Canadian Criminal Law/Offences/Assault with a Weapon

Assault with a Weapon
s. 267(a) of the Crim. Code
Election / Plea
Crown ElectionHybrid
JurisdictionProv. Court
SC Judge + PI (I)
SC Jury + PI (I) (536(2))
Maximum18 months jail or $5,000 fine
Maximum10 years jail
Offence Elements
Sentence Principles
Sentence Digests
DO/LTO primary designated offence

Legislation edit

267. Every one who, in committing an assault,

(a) carries, uses or threatens to use a weapon or an imitation thereof, or
(b) causes bodily harm to the complainant,

is guilty of an indictable offence and liable to imprisonment for a term not exceeding ten years or an offence punishable on summary conviction and liable to imprisonment for a term not exceeding eighteen months.


Proof of Offence edit

In addition to the requirement to prove identity, time and jurisdiction, the prosecution should prove:

  1. the accused assaulted the victim
  2. the accused committed the assault by use of a weapon or threaten to use a weapon

Interpretation edit

One cannot consent to being stabbed.[1]

  1. R. v. Carriere 1987 ABCA 39 (CanLII), (1987), 35 C.C.C. (3d) 276 (Alta. C.A.) per Laycraft p. 287: ("One cannot consent to be stabbed. The public policy of the law intervenes to nullify the apparent consent of each of the combatants.")

Mens rea edit

An intention to throw an object without an intention to throw the object at someone, is not sufficient mens rea.[1] By contrast where there is objectively foreseeability of harm of the act, there may be liability.[2] Where the accused throws something carelessly it will usually not be sufficient intent for the mens rea. [3]
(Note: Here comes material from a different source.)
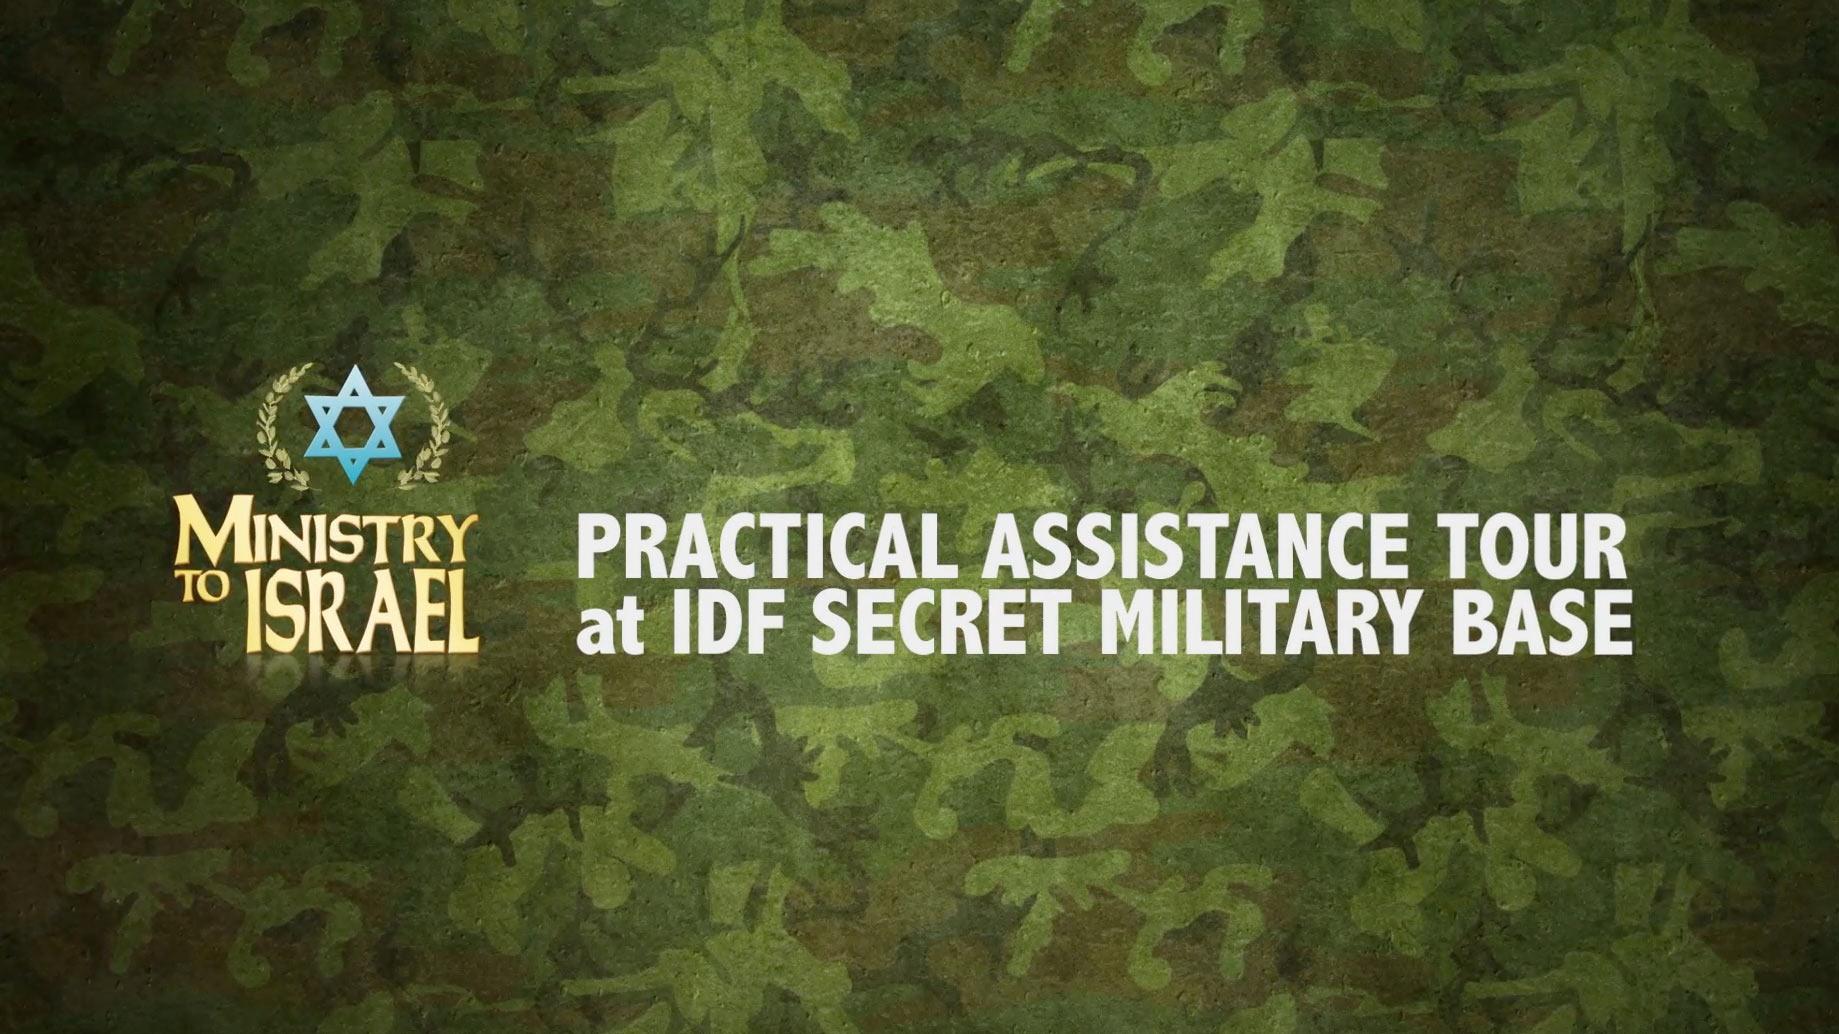 MTI's Practical Assistance Team Blesses IDF Elite Unit

However, a recklessness in the act is sufficient to convict.[4]

The doctrine of transferred intent allows the intent to assault one person to satisfy the mens rea for an assault against another person where that second person was not the target. The result is that the intention of a failed assault will transfer to the successful assault of another person. [5]

  1. R. v. Vandergraff, (1994) 93 CCC (3d) 286 (Man. C.A.) a hockey fan at a game throws a jar of peanut butter onto the rink. The jar hits victim
  2. R. v. Nurse, (1993) 83 CCC (3d) 546 (Ont. C.A.) accused fires gun into the air and was convicted because it was objectively foreseeable that harm would be caused
  3. R. v. L.(A.), (2007) Carswell Nun. 26 (N.Ct. J.) accused carelessly, in anger and while intoxicated, throws a beer bottle at a dashboard and bounces off hitting someone
    R. v. Kemp, (1993) Carswell Sask. 116 (Sask. Q.B.) a hockey player, in frustration, shoots a puck into the bleachers hitting a person in the head
  4. R. v. Mooney, (1997) Carswell Ont. 4433 (O.Ct.J.) accused convicted for throwing a phone in the direction of accused, it bounces off a wall, hitting the victim in the head
  5. R. v. Delaney, (1989) Y.J. No. 182 (Y.T. Ct.) at 37
    See also: R. v. Deakin, [1974] 3 W.W.R. 435, 26 C.R.N.S. 236, 16 C.C.C. (2d) 1 (Man. Ct. of App.)
    R. v. Phan, 2009 ABPC 190, 476 A.R. 323 (ABPC)

Kienapple edit

Many cases state that an accused cannot be convicted of Assault with a Weapon and Assault Causing Bodily Harm where they arise out of the same circumstances.[1] The same goes for the offence of assault with a weapon and aggravated assault.[2]

Where the evidence is substantially the same for proving the elements of possession for a dangerous purpose and assault with a weapon, convictions on both are precluded.[3]

  1. e.g.R. v. Arnill, [1999] O.J. No. 332 (C.A.)
    R. v. Basilio 2003 CanLII 15531 (ON CA), (2003), 175 C.C.C. (3d) 440 (Ont. C.A.)
    R. v. Briscoe (1992), 17 B.C.A.C. 302
  2. R. v. Basilio, [2003] O.J. No. 1114 (Ont. C.A.)
  3. R. v. Briscoe 1992 CanLII 938 (BC CA), (1992), 76 C.C.C. (3d) 563 (B.C.C.A.)